In-line pump systems have a separate pump plunger for each cylinder of the engine, so a 4 cylinder engine has a four plunger pump, a 6 cylinder engine has a six plunger pump, etc. The pump is run at half engine crankshaft speed and has a central shaft with four, six, etc. cam lobes attached. Each plunger is operated by its cam once every two crankshaft revolutions, coinciding of course with the power stroke of its engine cylinder. Each plunger also has a spiral groove or helix machined on its side and cut through to the top of the plunger. When operating, the plunger is pushed up by its cam lobe. At a certain point the spiral groove will line up with a spill port on the side of the plunger cylinder and the rest of the fuel is ‘spilled’.
Because the groove is a spiral shape, the point in the plunger stroke when it uncovers the spill port will vary as the plunger is rotated a few degrees either way.

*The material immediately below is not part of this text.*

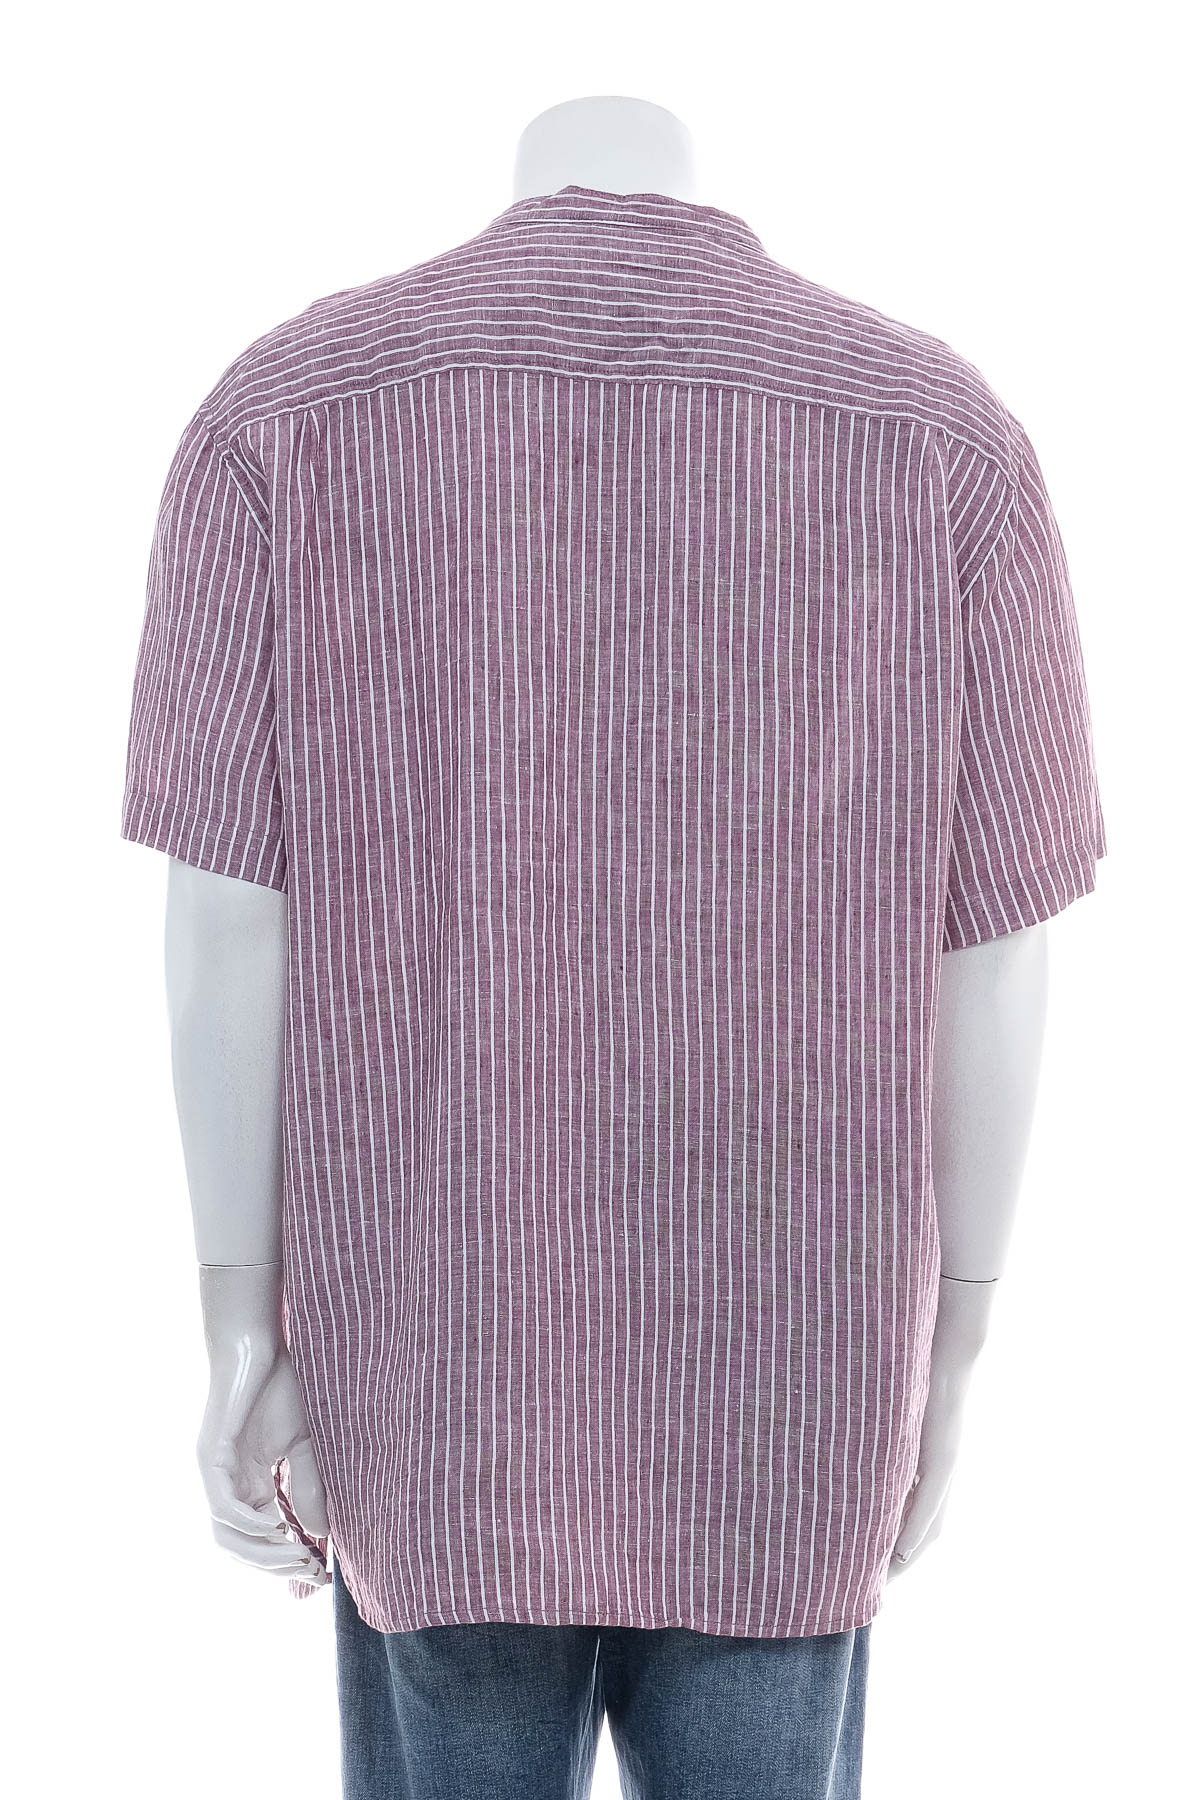 Мъжка риза - Bpc selection bonprix collection - 1

This adjusts the spill point and hence, the volume of its fuel charge to the engine cylinder.
Since all of the engine cylinders receive the same sized fuel charge, all of the plungers are rotated together. This is achieved by each plunger having gear teeth machined to its circumference, which are engaged by a common gear rack which runs through the pump body. As the rack moves back and forth, all four (or six or more) plungers are rotated together. The extremes of travel of the pump rack control the minimum and maximum fuel charge quantities the pump is capable of delivering.

In-line Pump Drawbacks

In-line pumps have the advantage of a straightforward method of operation but suffer a couple of important disadvantages. They consist of a large number of moving parts which have to be operating in close match to give efficient operation. When it comes to high performance applications, it becomes increasingly difficult to keep the numerous plungers and control collars exactly matched in their delivery, especially if they begin to wear unevenly. As a result, many higher performance applications these days use a type of single plunger distributor pump.

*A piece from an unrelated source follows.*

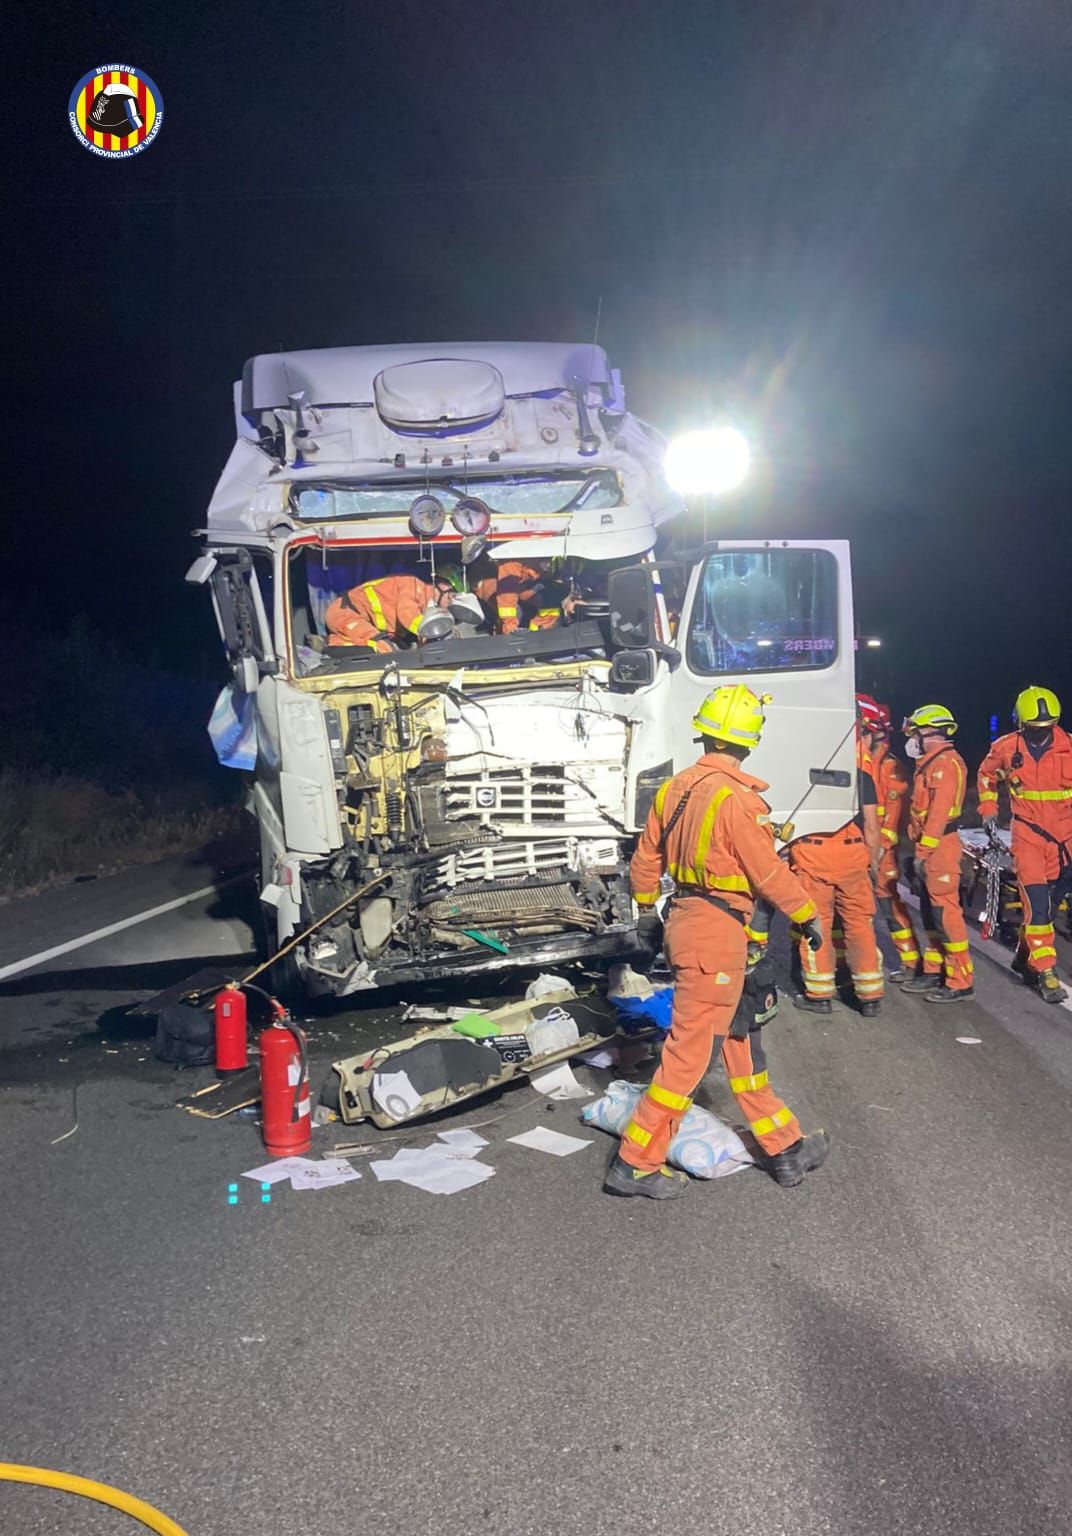 Accidente en Vallada: Dos camiones chocan en la A-35

Axial Piston Distributor Pumps

The most common type of single-plunger injection pump is the axial piston distributor pump. The pertinent word here is ‘distributor’. Just as many SI engines have (or at least, used to have) a distributor to distribute the high voltage pulses to each spark plug in the firing order of the engine, a distributor-type injection pump distributes high-pressure fuel pulses to each injector in the firing order of the engine. In fact, in some older engine designs, where the same basic engine block was utilised for both petrol SI and diesel CI versions, the diesel distributor pump sits near-vertically up on the side of the block, in the same position as the petrol engine’s ignition distributor. The Land Rover 2.25L diesels from the late 1950s to the early 1980s are an example of this design, using Lucas CAV injection pumps. See the image below.

How Does it Work?

In a distributor pump, every fuel pulse is generated by the same, single plunger, so each cylinder’s fuel pulse is pretty-well guaranteed to be of the same volume. The ‘axial piston’ part of the name comes from the single pump piston or plunger lying along the axis of the pump’s drive shaft at the non-drive end. This plunger rotates with the pump drive shaft and is stroked by a cam plate with one cam lobe for each cylinder of the engine which rolls over a roller plate.
At the discharge end of the plunger cylinder is a valve body with a gallery and outlet valve for each engine cylinder’s injector. The plunger has a discharge port on its side which lines up with each cylinders outlet gallery, in the firing order of the engine. At the other end of the plunger is a spill port which is covered by an adjustable control collar, to vary the spill point and hence the fuel charge size.
It's quite likely that the most common form of this type of pump is the Bosch VE (Verteiler) type. They have been manufactured in the millions by Bosch and, under licence, by many other manufacturers including the Japanese builders Nippon Denso and Diesel Kiki. Mechanically-controlled VE type pumps can generate nozzle pressure up to about 1200 bar.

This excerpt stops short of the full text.